Mel had been seeing a spinal consultant for her pains. Scans taken over the six years had suggested that collapsed vertebrae in her neck had caused a trapped nerve.

Early in 2024, she was told she could either live with the pain or have an operation on the vertebrae. Mel – who had been losing weight and had trouble sleeping due to the problem - opted for surgery and went on a waiting list.

In June last year, she had a new consultant who told Mel he wanted a new MRI scan taken. Afterwards, Mel was given the news that the scan had found a pear-shaped mass in her shoulder attached to her heart and lungs that was 14cm in diameter.

Mel and her daughter. (Photo: Sarcoma UK)

"This was a massive shock," she said. A biopsy took place and Mel was told she had a soft tissue sarcoma. There was no visible lump as the tumour was concealed in her shoulder. With surgery ruled out due to the location of the tumour, Mel began chemotherapy at the Royal Stoke Hospital in Staffordshire that October.

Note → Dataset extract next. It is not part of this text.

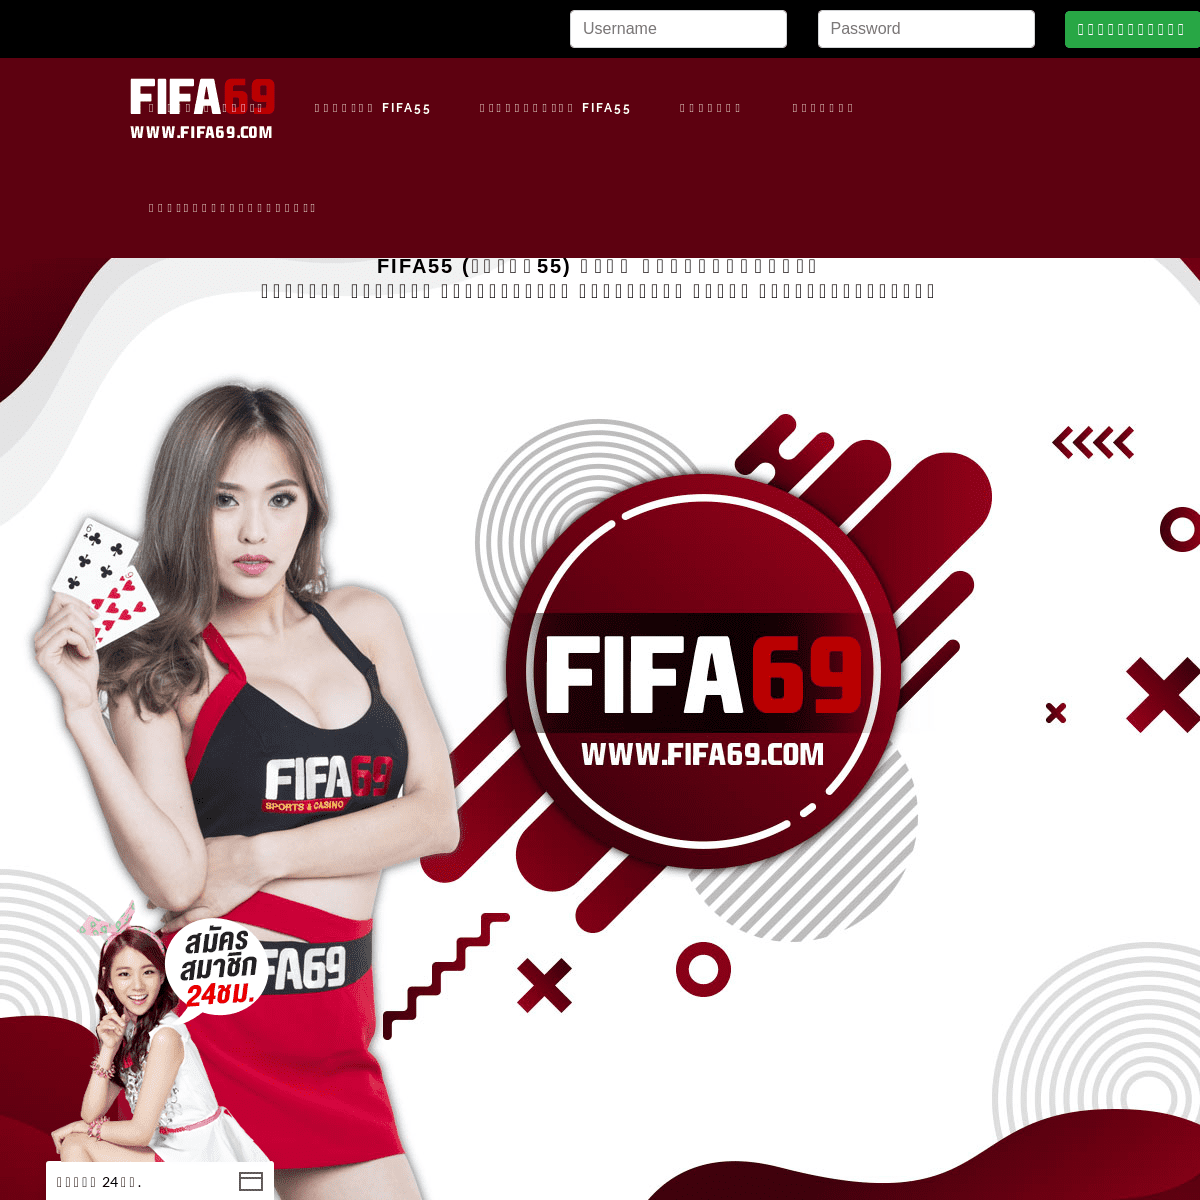 FIFA55 เว็บไซต์ แทงบอลออนไลน์ ทางเข้า สมัครสมาชิก พนันบอล ที่ดีที่สุด!

In addition, a smaller tumour was found at the top of her abdomen.

She had chemotherapy every 21 days until the end of March 2025. After a three-month break, she resumed a new chemotherapy treatment, which is continuing.

Despite her ordeal, she remains upbeat. "I'm a strong ox, a glass half-full type of person," she said. A product line co-ordinator with Bentley Motors, she has been able to work from home all the way through her treatment.

But she can't help wondering that if her sarcoma had been spotted earlier she would have been able to have it surgically removed.

Through it all, she has been supported by her partner and two grown-up children and has also found fundraising for charity Sarcoma UK has given her something to focus on.

A recent coffee morning at Richmond Villages care home in Nantwich raised £2,000 and a Christmas quiz is planned for the same venue.

"I want to promote more awareness and specifically more training for doctors on spotting the symptoms of sarcoma. If my tumour had been spotted earlier, something might have been done before it got to this size."

Helen Stradling, Sarcoma UK's Support Line Manager, said: "Mel's story shows just how challenging sarcomas can be to diagnose - they sometimes hide deep in the body with symptoms that can easily be mistaken for more common conditions.

"By the time they're detected, as in Mel's case, treatment options can be severely limited and patients may face palliative care rather than curative treatment.

"That's why raising awareness is so important, and we're incredibly grateful to Mel for her dedication to fundraising and helping others understand the signs. Her determination to turn her experience into something positive for other patients is really inspiring."